L would need fucking ESP to sense her now.

The Dynamic Justice Duo had finally peeled the I-Get-In-The-Way-Of-Everything Misa-chan off of Light and sent her to bed. Merrie witnessed the girl lean forward to Light, giggle maniacally, and smash perked lips against his cheek. Light seemed mainly unresponsive, but he bid her a good night. (Merrie held her breath as Misa passed through the corridor under her, and damned if the demonic siren wasn't lucky that Merrie had been raised with class – or she might've coughed up a nice fat loogie and let it fall on that pretty blonde head.) Charming, it really was, that L failed to mention that the Kira Investigation Headquarters was haunted by Satan-ette, but Merrie was willing to be a good sport and forgive the panda because she was exceedingly annoyed and eager to know the truth of Light's relationship status.

"That was interesting," Light remarked slowly, turning his swivel chair to face L.

"My preference in word of description would be 'irritating'," L stiffly responded, his hands immediately lifting to his keyboard and his fingers plucking letters at probably ten thousand words a second. "That was an unproductive waste of sixteen minutes."

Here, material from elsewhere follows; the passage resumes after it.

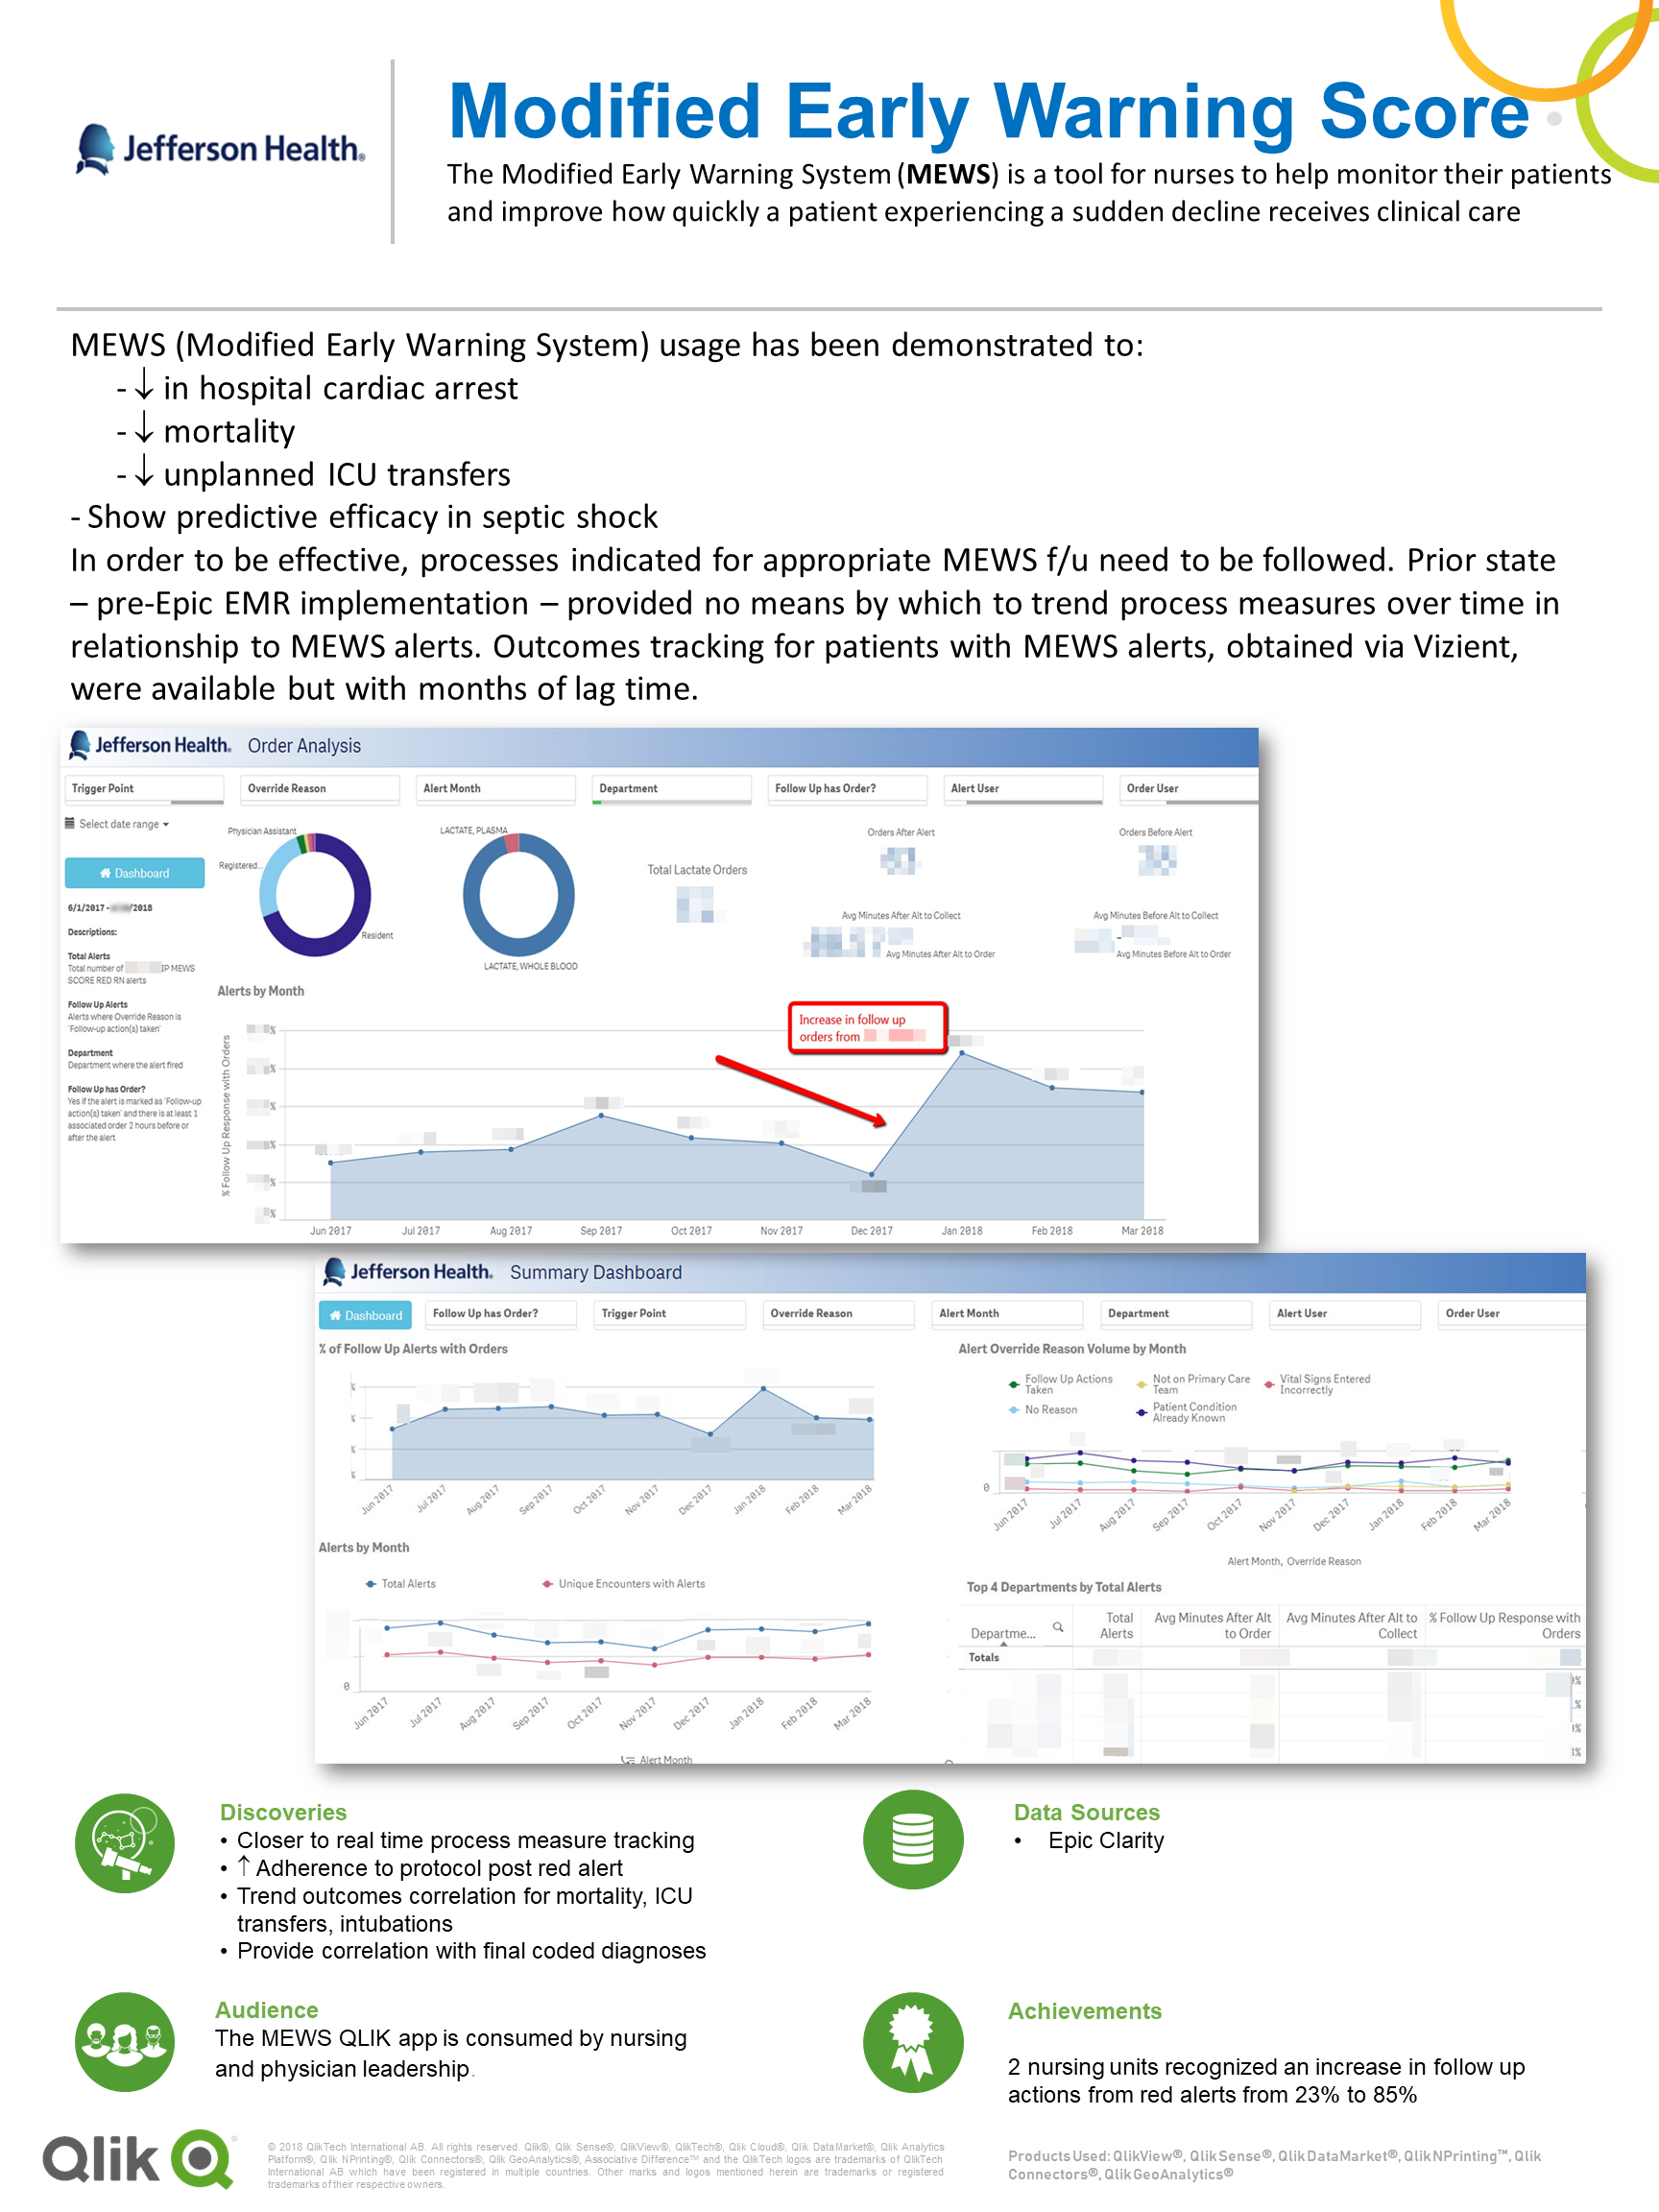 6 Qonnections Healthcare Poster - Jefferson Health - Modified Early Warning Score MEWS.png

"It wasn't necessarily a waste," the adolescent reasoned, tilting his head thoughtfully toward the detective. Locks of hair that reflected almost a warm chestnut hue against the glow of the computer monitors framed his focused, and so far, calm, eyes. "You know, it's a healthy study habit to take periodical breaks from work. This gives the mind a chance to relax, and thus increases reasoning abilities thereafter."

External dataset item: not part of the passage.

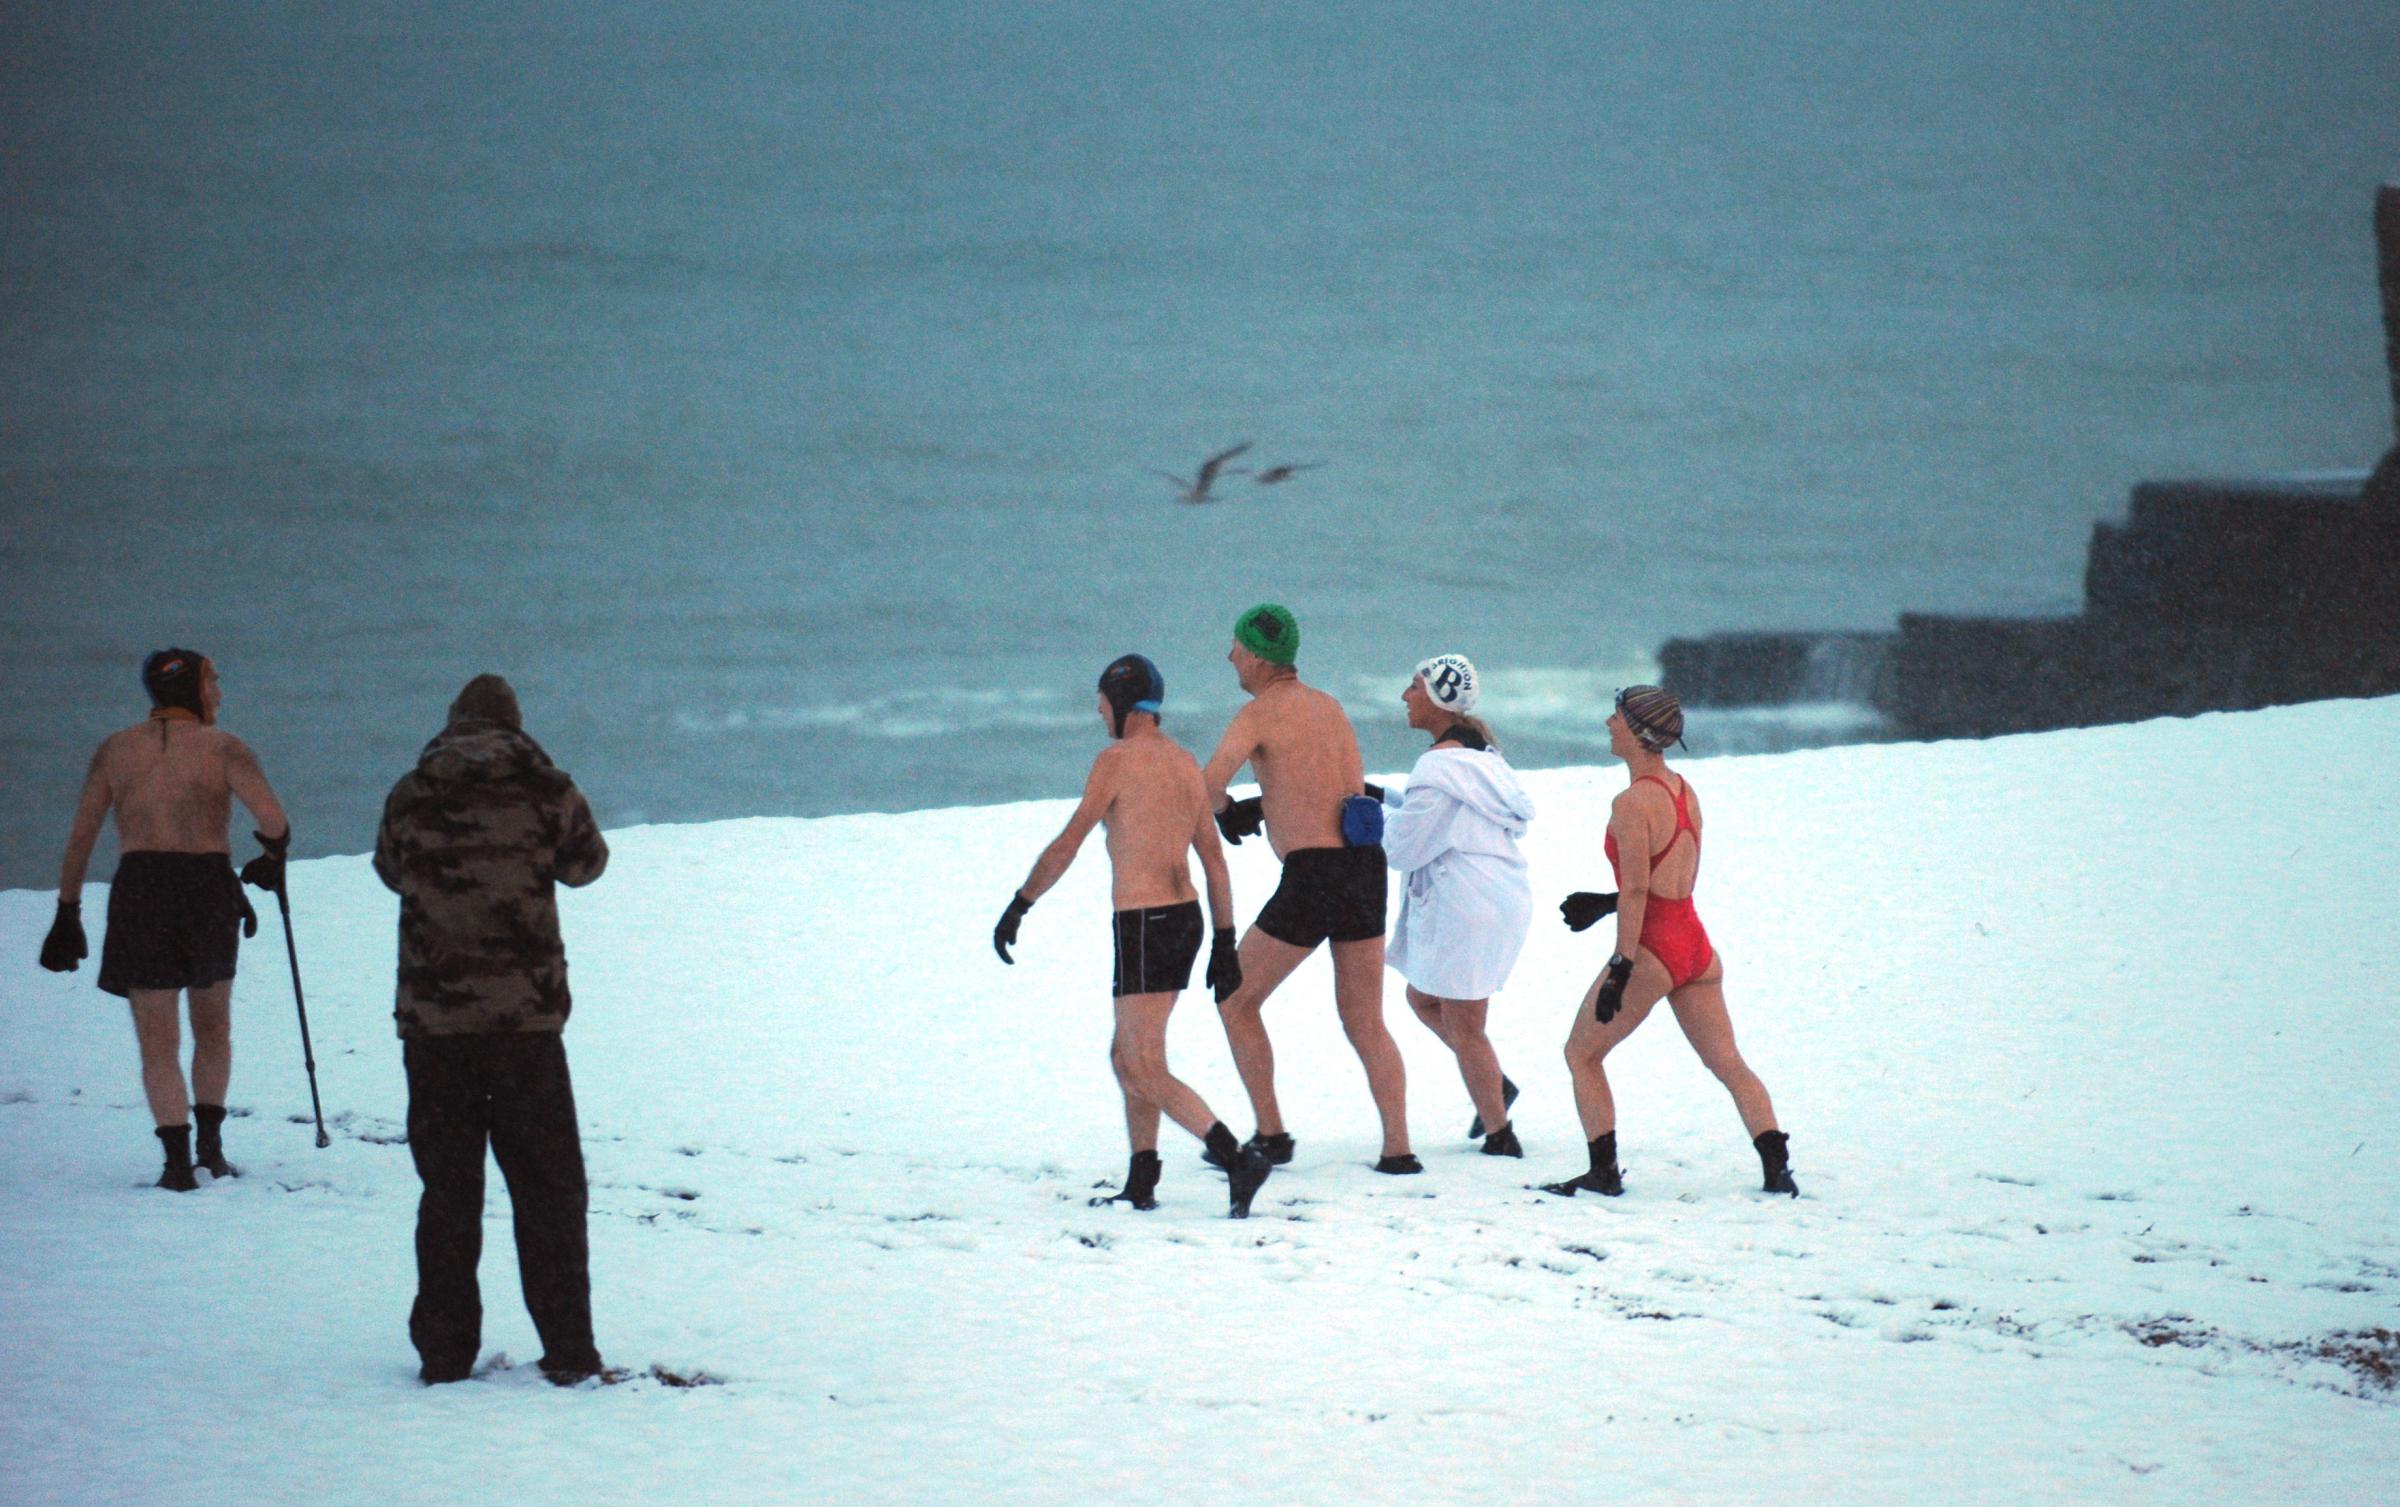 Brighton Swimming Club members out for their daily dip despite the weather after more snow fell this morning causing chaos in the city again.Photograph taken by Simon Dack 13 january 2010.

L's eyelids dropped under the weight of thin eyebrows and they shifted slightly toward the suspect. Something about that look was definitely a glare, even if it was as ambiguous as always. "In which case, I hope Yagami-kun is very relaxed after that particular treatment."

"I didn't say that." Light's brows furrowed and his jaw tightened. "That's not what I meant. I was just trying to be optimistic."

The detective studied his young companion. A finger had risen from the keyboard and hooked around his lower lip. Then, without warning, the accusation drawled out: "You're using optimism to justify injustice. I'm more inclined to think that you share Kira's traits."

Light's response was delayed as he stared at his captor. "What the hell are you talking about?"

"Kira is murdering the masses under the optimistic excuse of a better future without crime. Light-kun allows two blonde idiots to monopolize our valuable investigation time under the optimistic excuse of better reasoning ability."

The adolescent stared, as though he couldn't quite believe that L had made such a batshit absurd connection. (Merrie conjectured that he was also probably displeased that L had called the greatest and most sexy thief of all time an idiot.) Then he shook his head incredulously, turning back to his monitor. "I'm never going to be free again. You'll be the reason that I'm either locked in jail, or locked in a mental hospital."

L, the insensitive spawn of Khaos that he was, was ninety-eight percent immune to that pesky curse called a 'conscience'. His face was completely blank as he grabbed a sugary confectionery from a plate by his keyboard and held it out to his companion. "Do you want a cookie?"

If that's what L called flirting... he sucked major dick.

Or didn't. Wouldn't get to. Whatever.

* * *

There was an investigation to be done. 

Discreetly, Aiber had handed Merrie L's case profile of Satanette. The not-so-thrilled look on the French man's face was probably because he was also concerned with the budding of Aphrodite's true-love blossoms and _probably_ had nothing to do with the fact that Merrie had awoken him at three in the morning, post-eavesdropping enterprise, and demanded that he retrieve all the information he could get from L on this Misa _thing, _because L would never entrust her with such confidential information because he was a malevolent bastard, and if Aiber didn't do this Merrie would never speak to him again, also, the gods thrust their curses upon his pitiful soul in great abundance.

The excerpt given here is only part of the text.